That's good you're researching this efficiently. "efficiently continues" :P Grammar nazi on the prowl.
Ooh is this for an enhancement on git rename tracking?
Unless I'm missing something, the search space is small enough that even a fairly simple search algorithm could try every possible "move" (set of instructions) which doesn't take longer than Linus' proposal. Any takers? I'm on a cell phone all weekend, so it won't be me.
+Linus Torvalds: I don't suppose something simple like this would do any better (only 32-bit case though)?

char lookup[8] = { 0, 1, 0, 2, 0, 0, 0, 3 };
n = lookup[(mask & 1) | (mask >> 14) | (mask >> 21)];
+Josef Grahn: any memory access will generally have a load-to-use latency of roughly three cycles (even if you hit in L1), so a pure table lookup would work really well. But since the table lookup needs that shift+add series just to shrink the input space, it starts out with a few cycles disadvantage to begin with, and the multiply will win.
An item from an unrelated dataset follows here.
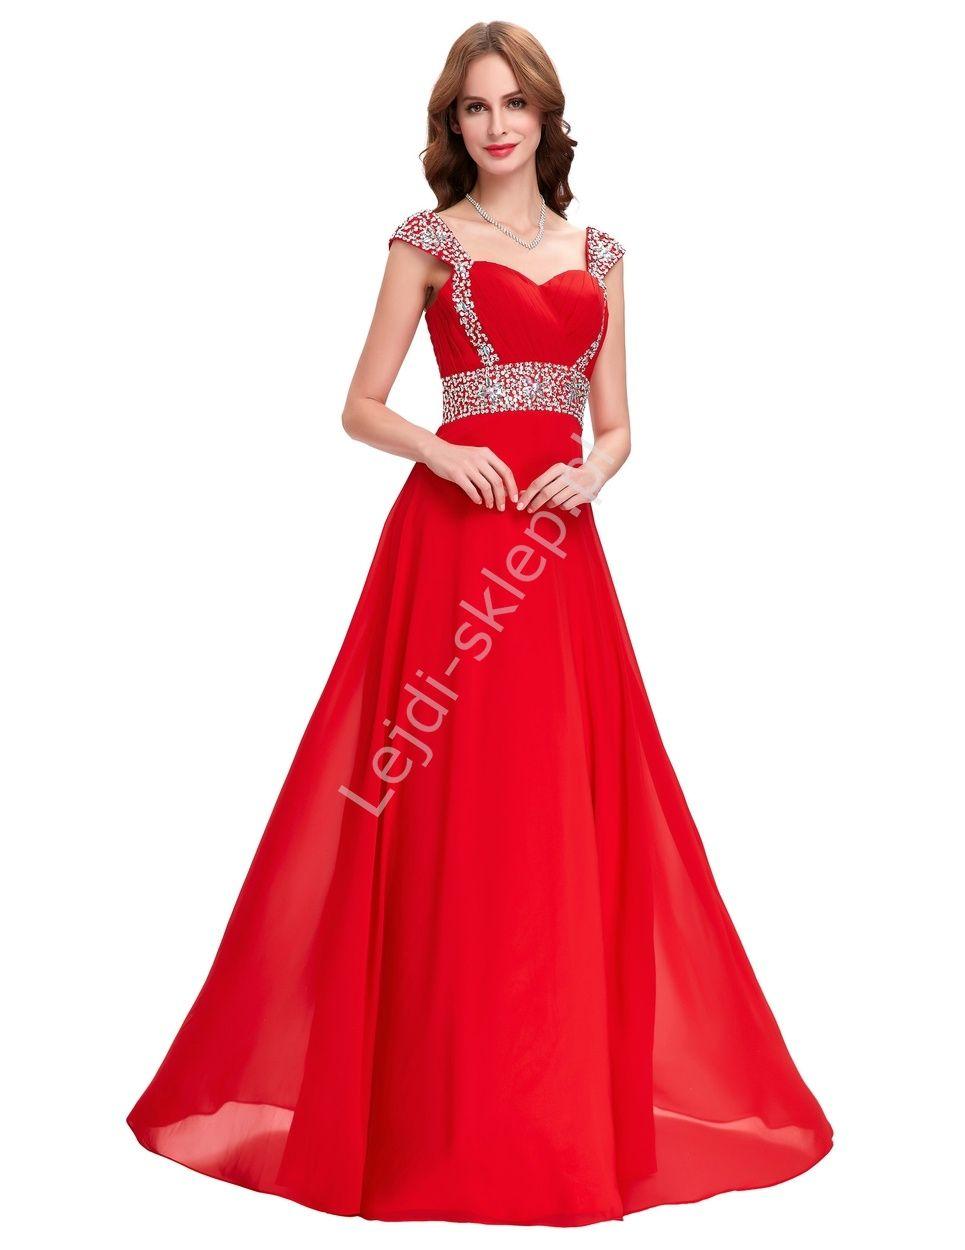 Czerwona Długa Sukienka Sukienki Wieczorowe Czerwone Suknie Wieczorowe Formal Dresses Red Formal Dress Dresses

After all, you can get the right result without any table on 32-bit using
a fairly obvious approach:

n = (mask & 1) + ((mask >> 8) & 1) + ((mask >>16) & 1);

and on 32-bit that stupid approach is possibly the best approach. On 64-bit, the manual masking gets more expensive, though, and you have to fold the upper bytes down and do the third byte in the low part of the word too, so..
Hi Linus,
For the 4 byte version, this works

a = mask - 0xffff;
b = a >> 23;
result = 2 + b - (a & 0x1);

But requires three registers and only works for the 4 byte case (I'm assuming the problem is counting the bytes that are 0xff, so it won't work for 0x00DEADBE for example)
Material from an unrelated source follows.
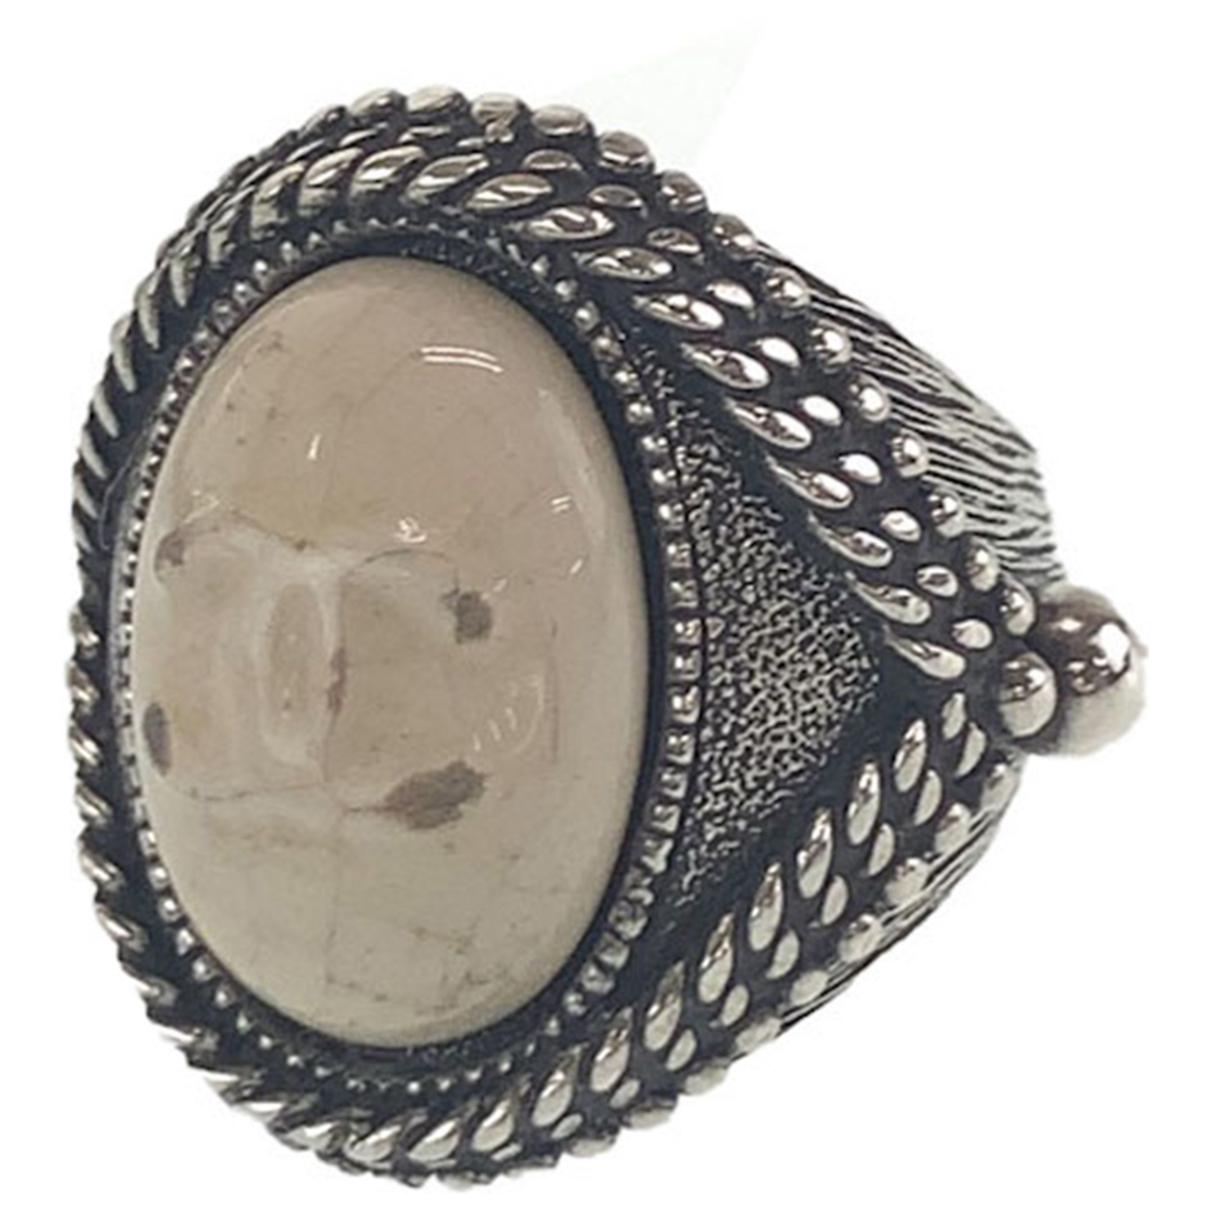 Chanel - Bague   pour femme en metal

I think your solution is brilliant however as it scales nicely and exploits pascal's triangle.
+Linus Torvalds Have a look at the x86 LEA instruction. In the past I have used it to do all sorts of neat hacks. The circuitry is different from MUL. It can multiply faster than mul because the mathmatics behind it are not general purpose. If you are comfortable with inline asm and x86 only compatibility this is worth the reasearch. This hack would work because you are multiplying by 8! something the LEA opcode was designed to do readily.
+Carl Chatfield: That's exactly the kind of trick I was hoping somebody would find.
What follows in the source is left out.